A sealed bag of treats is a great addition to your canine emergency kit (as long as you keep the expiry date in mind, and freshen up your stash every once in a while!). Treats can serve as a distraction if you need to do something a little uncomfortable or painful, as well as providing a little comfort once you’ve got the situation back under control. They can also be used to lure your dog away from a dangerous area, or entice them to drop whatever they have in their mouth if they’ve gotten into something they shouldn’t.

Slip Lead

Keeping a slip lead in your canine emergency kit can sure be handy in a pinch. These are the leashes that don’t require a separate collar – the leash forms its own loop at the bottom to slide around your dog’s neck. If your dog’s regular collar breaks or they slide free from it, a slip lead can be a quick and easy way to get them back under control.
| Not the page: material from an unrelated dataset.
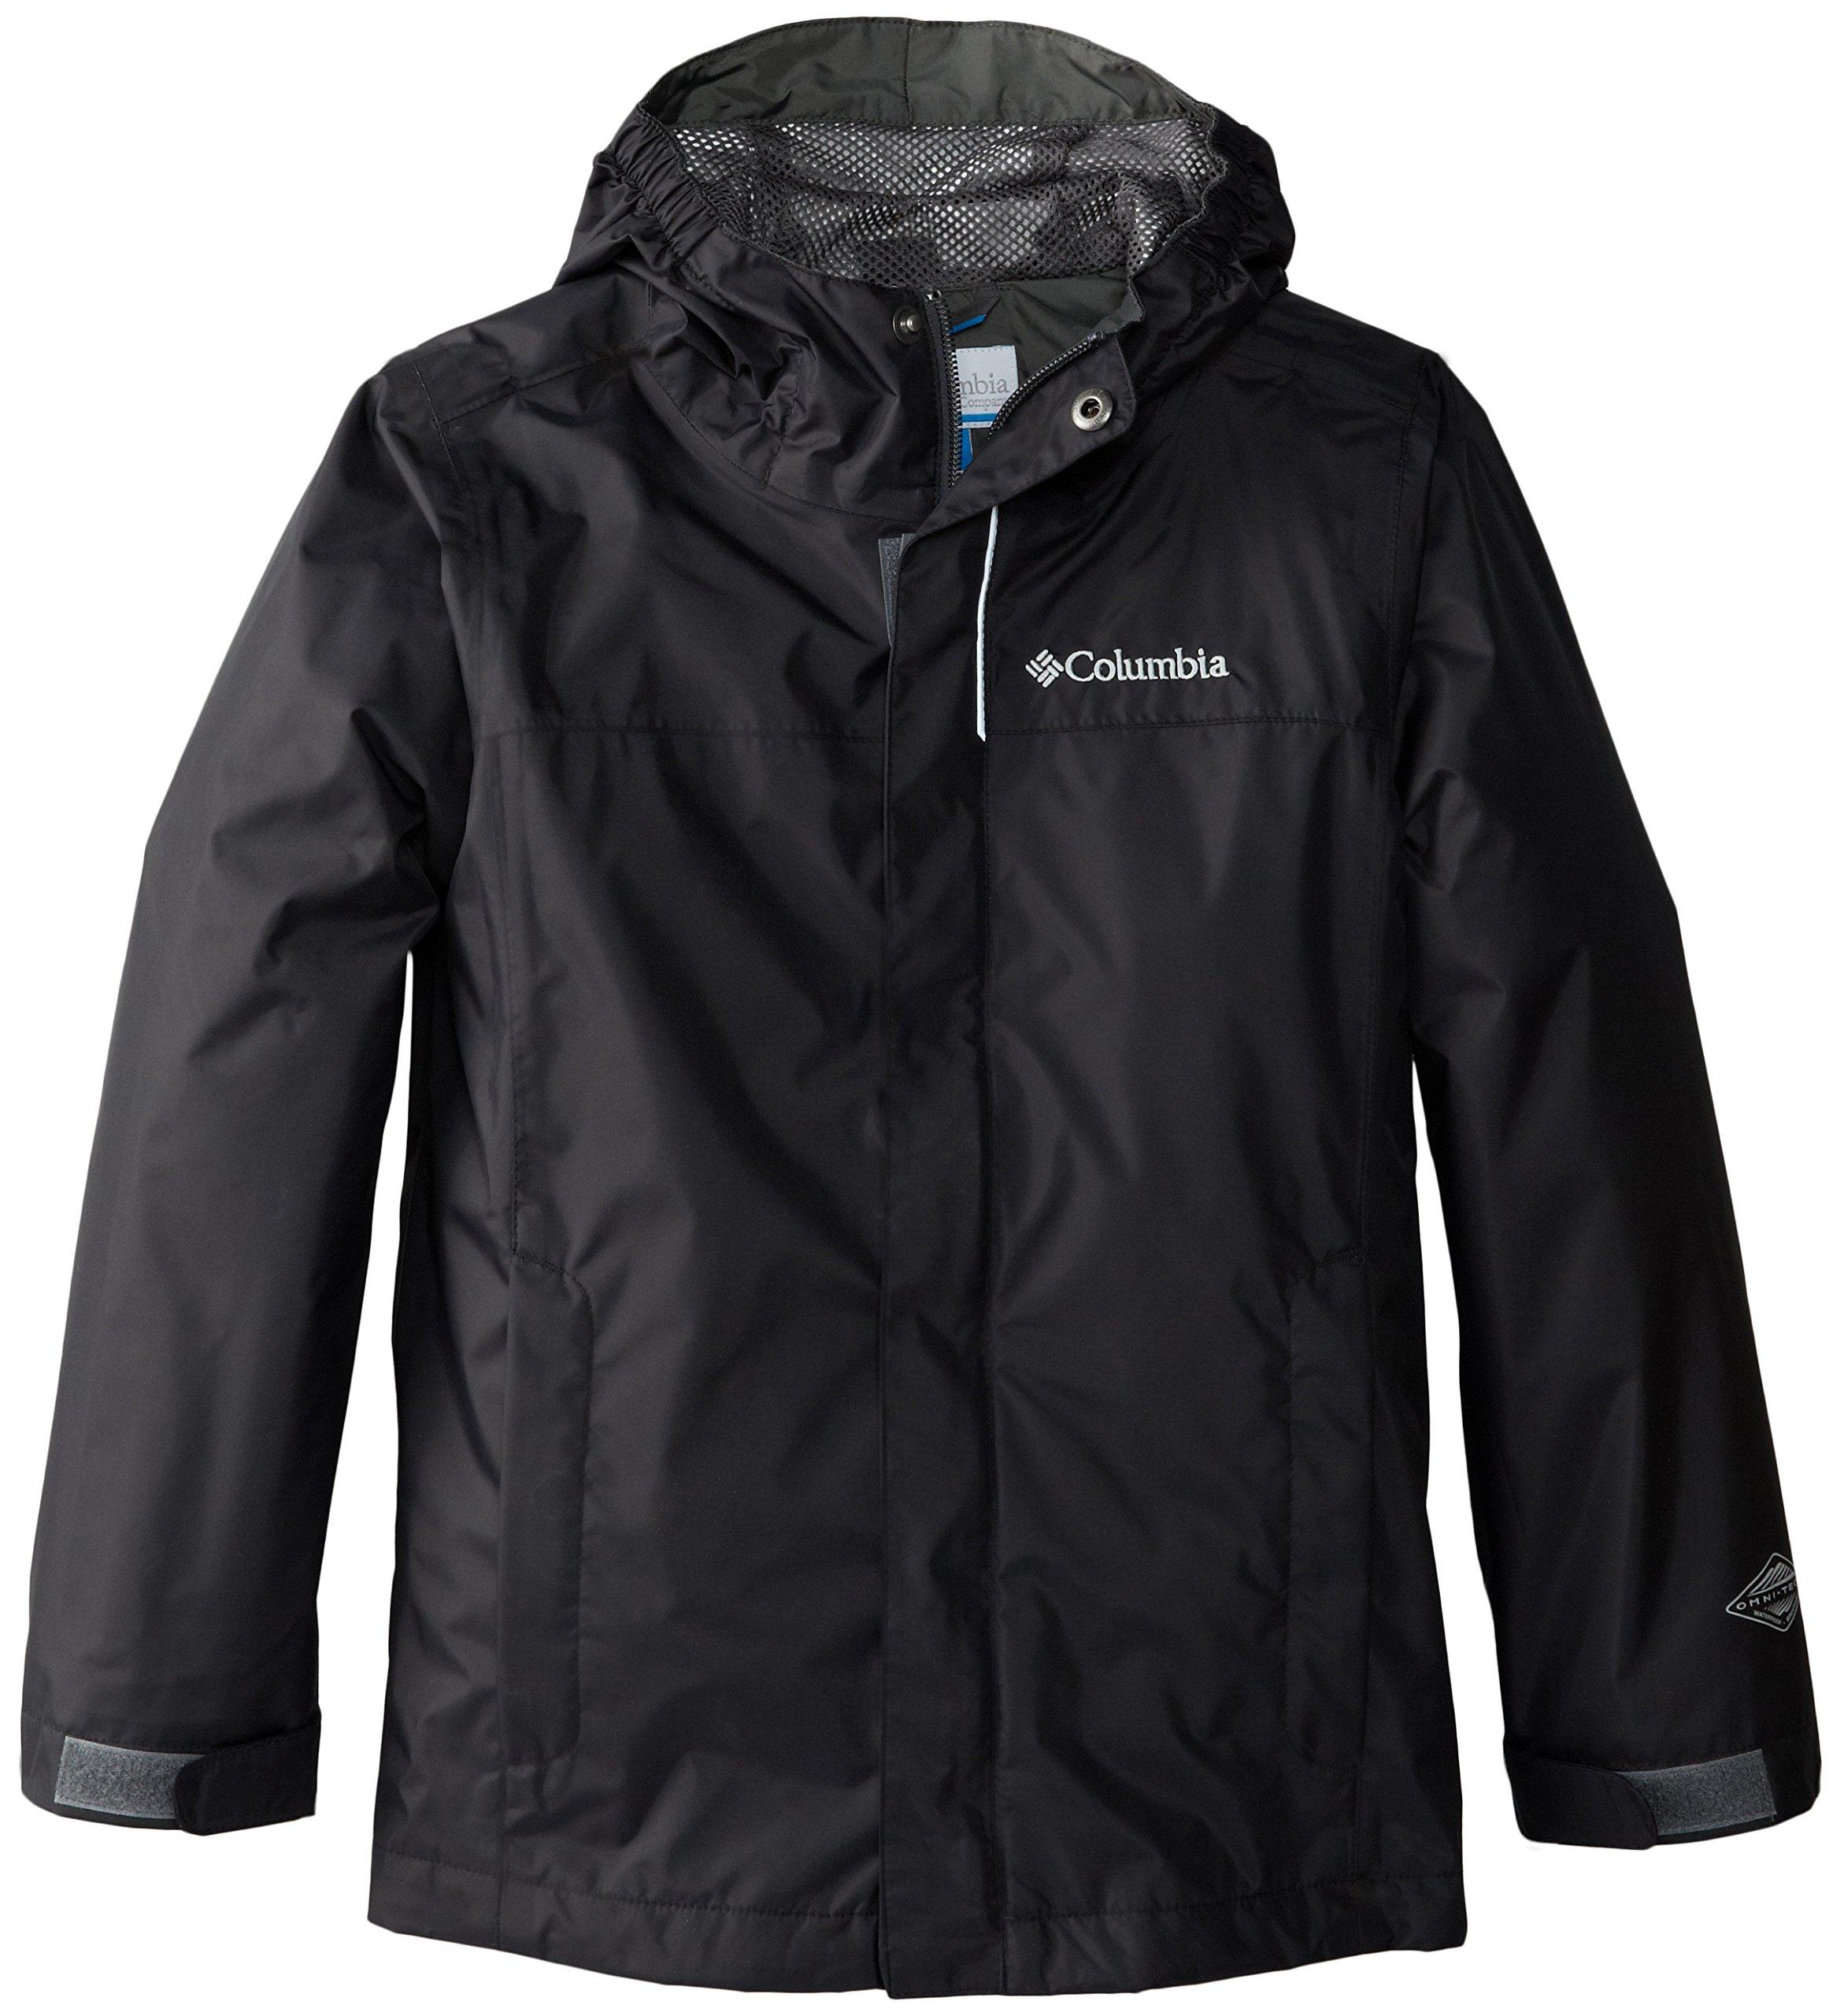 Columbia Little Boys' Watertight Jacket, Black, X-Small
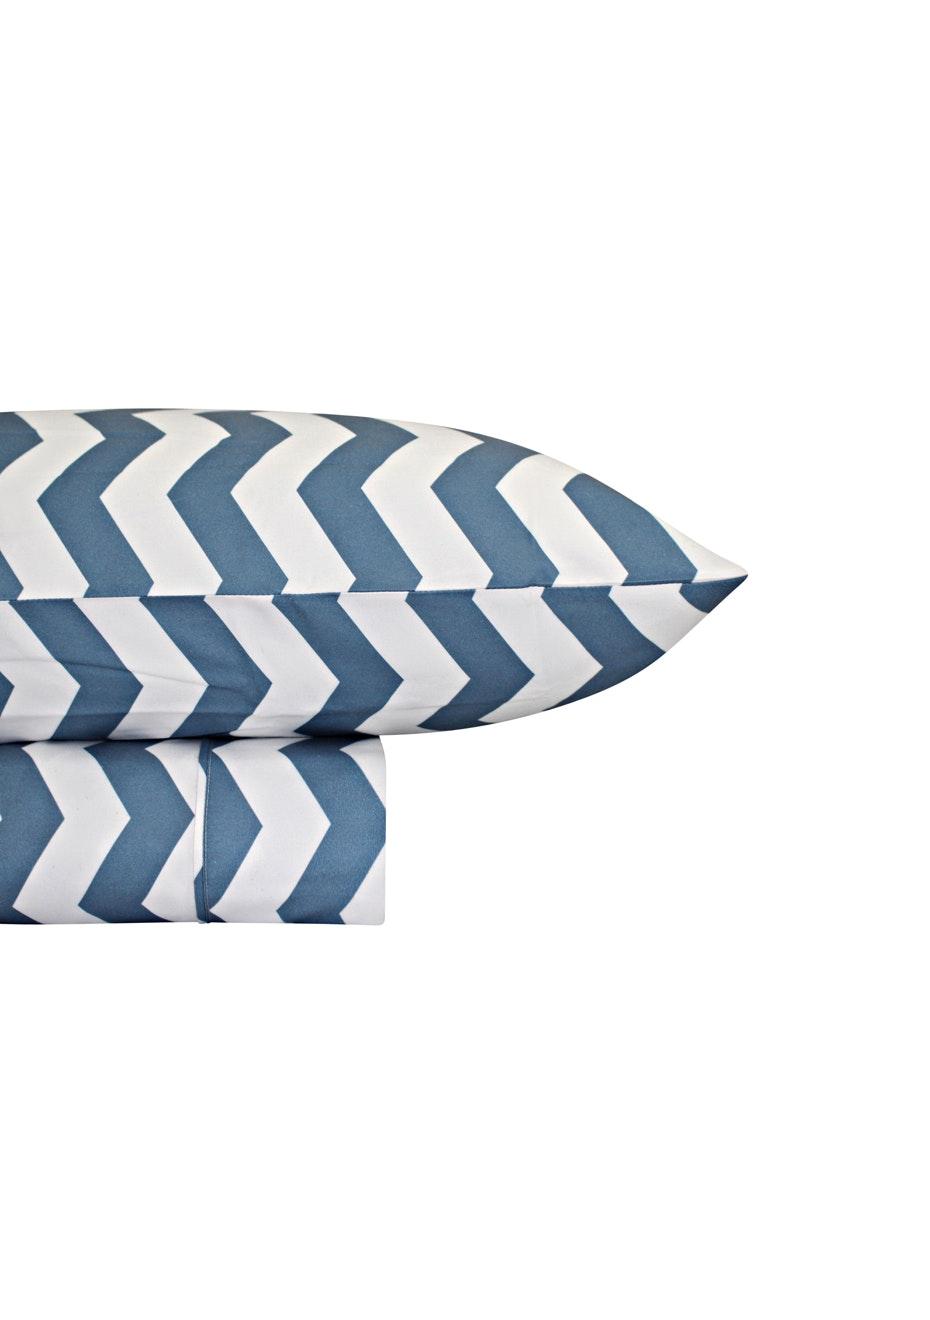 Thermal Flannel Sheet Sets - Chevron Design - Bay Blue - King Bed

This can also come in handy if you come across a wayward pup in your travels – it’s much easier to keep them close while you have a chance to find their family if you can keep them tethered!

Pillowcase

One thing that you might not think to have in your canine emergency kit is a pillowcase! You can also add a blanket or towel depending on the amount of space you have, but even in a small kit a pillowcase can be quite compact. This material can be used to pack a large wound, to wrap or carry items, and can even serve as a sling or harness if you need to help support your dog if they are not able to walk on their own – just roll the pillowcase into a long tube and slide it under your dog’s hips, holding the two ends above their back to support their hind end.

Emergency Vet Contacts

Last but not least, having a reliable list of contacts at the ready is key in an emergency. Know where the nearest help is available for your dog during the day and after-hours; having several options if you are lucky to live in an area that has multiple emergency hospitals is even better. Consider adding in the numbers for pet poison control, your local animal controls or rescue groups, and any organizations that assist with lost or missing pets.

Having these items easily accessible ensures that you’ll be able to actually find and use them if a situation arises. Choose a collection of items that can be packed neatly into a container and stored in your car, and let family members know that the kit exists and what it holds. Mark on your calendar every few months to go through the kit and replace any used or expired items, and consider any additions you might want to make.